The interior finished wall has nowhere to pull wire. It is lathe and plaster directly on the block wall.

Home owner is concerned about that part of the wire that is within reach of the kids.


----------



## mdshunk (Mar 13, 2005)

hurricaneflyer said:


> Home owner is concerned about that part of the wire that is within reach of the kids.
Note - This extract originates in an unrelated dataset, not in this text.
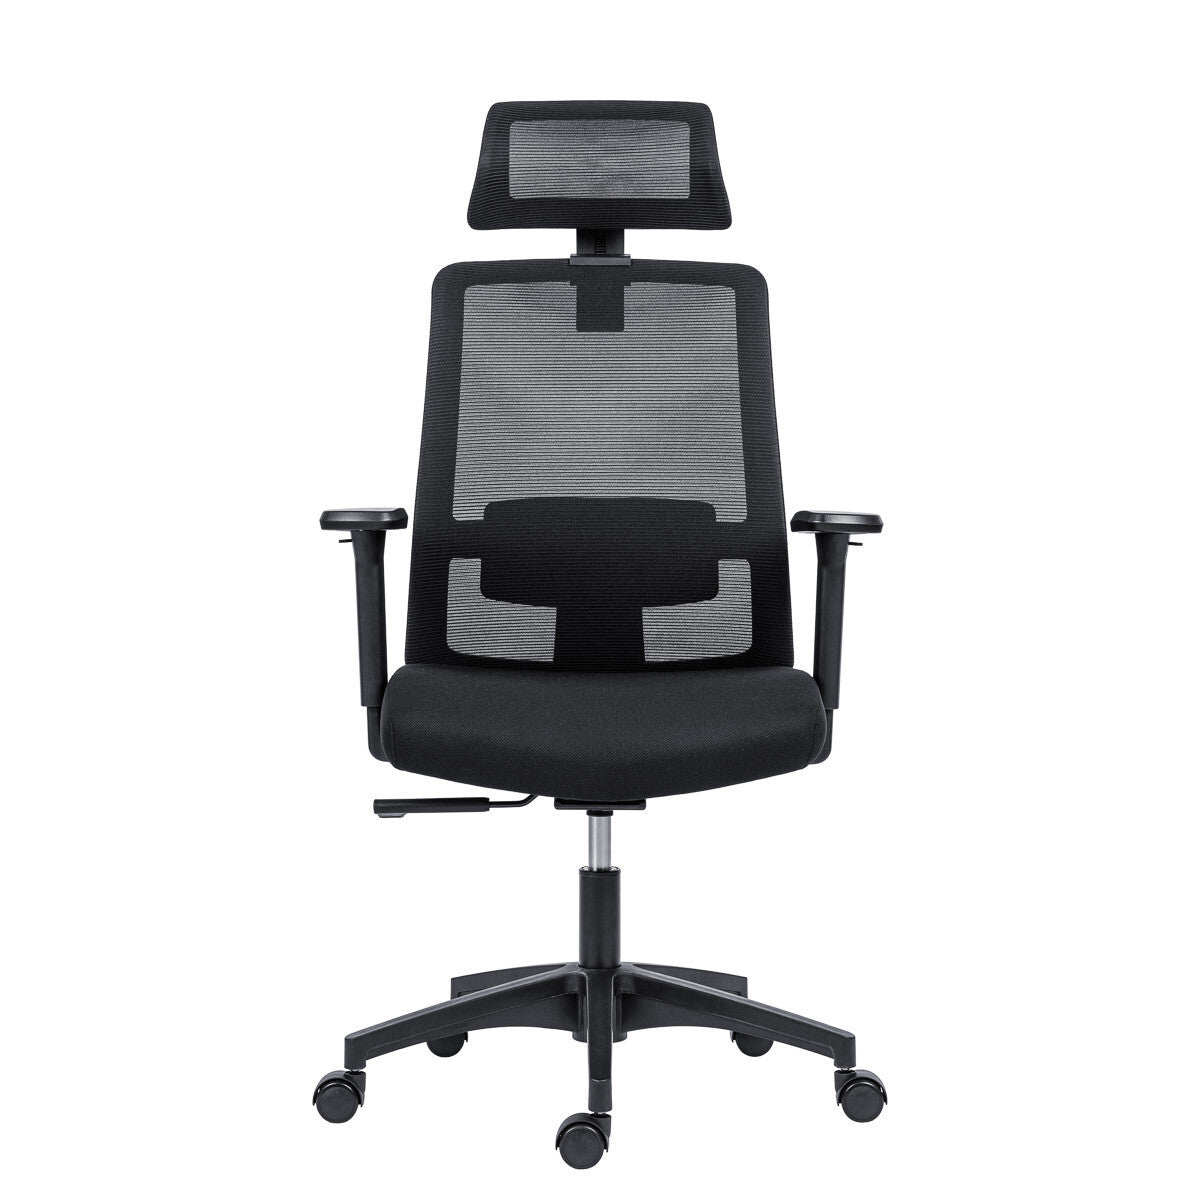 Kancelářská židle Antares Delfo, černá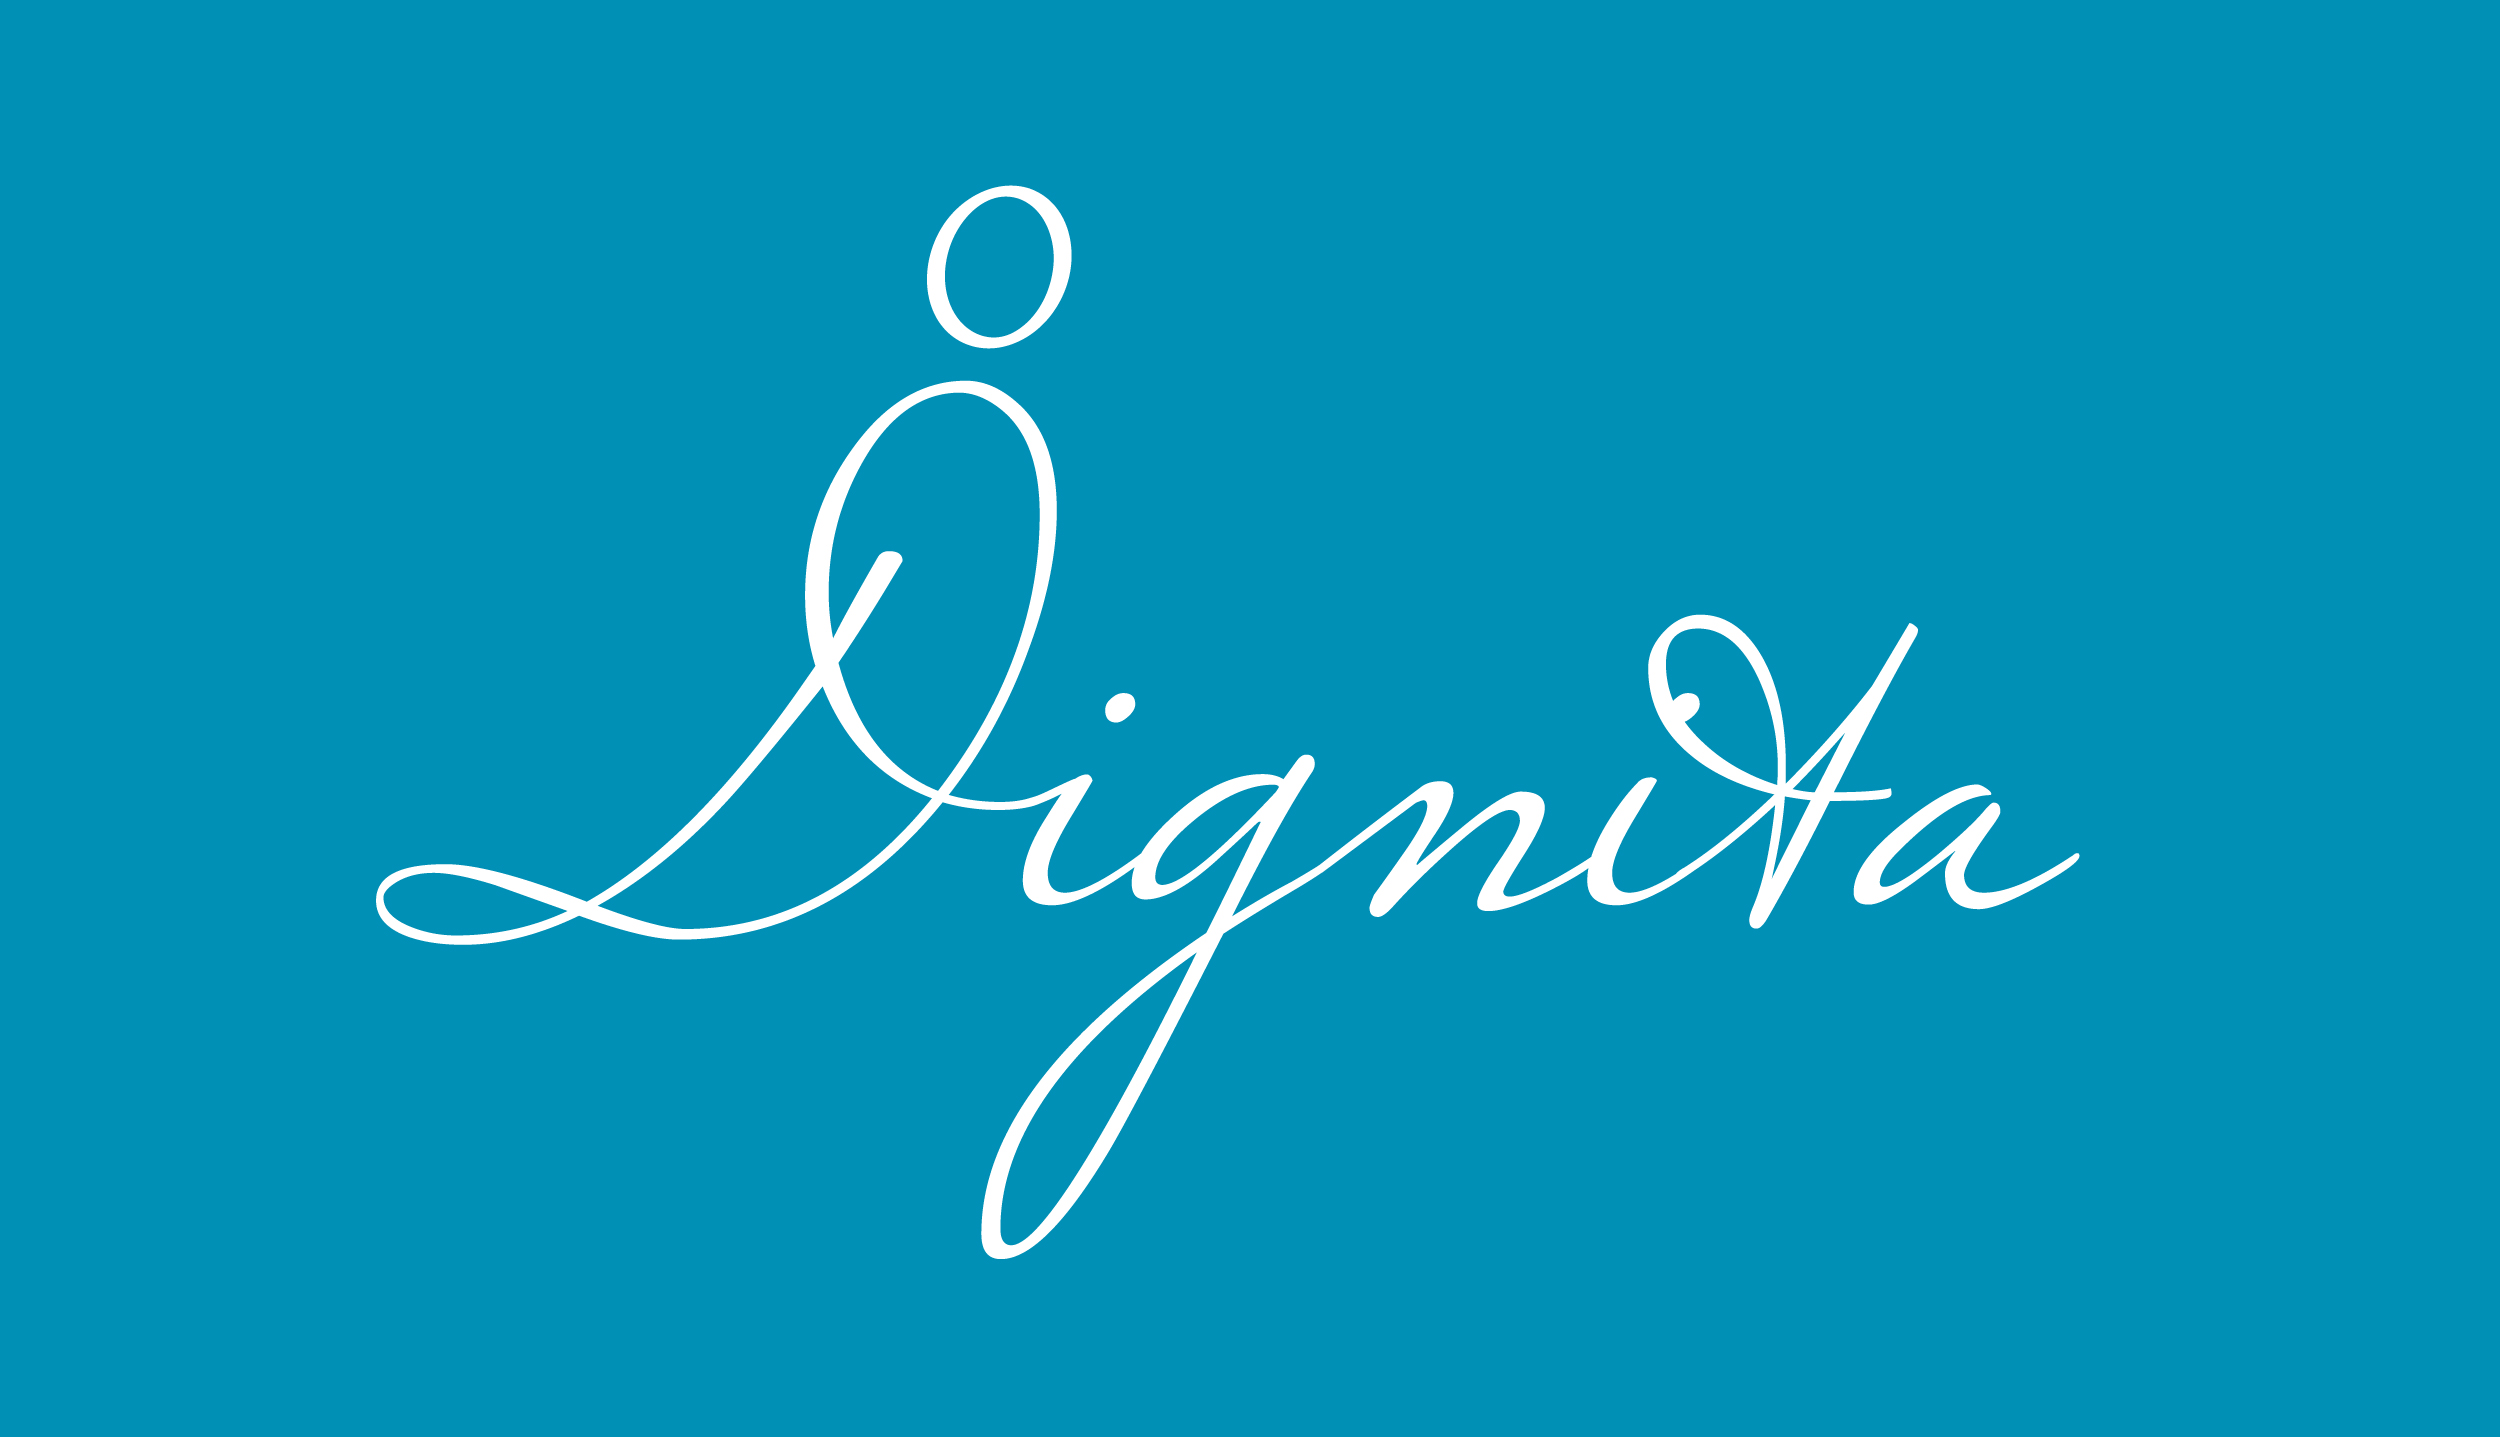 232-dignita-logo-eng-on-blue-16026683650997.jpg

I see. Well, it would meet code with no protection. Do whatever extra you or your customer wants done.


----------



## tkle (Apr 15, 2006)

Not that I want to do it,but I could always trim the back of the brick around the conduit.


----------



## Sparky Joe (Apr 29, 2006)

We did that once before on a building and we used MC cable because not even a half inch conduit would fit.


----------



## hurricaneflyer (Jul 30, 2006)

thanks,

Because it is temporary I don't think I'll mess with recessing the conduit into the brick.
I think I may just get some kind of corner trim or threshold or whatever I see at an orange place that I think might work. The "I'll know it when I see it" kind of thing.

If I had the tools I'd groove out a peice of 1x2 but I don't feel like doing it by hand.


----------



## tkle (Apr 15, 2006)

hurricaneflyer said:


> thanks,
> 
> Because it is temporary I don't think I'll mess with recessing the conduit into the brick.


I meant knotching the back of the new brick when it was laid.


----------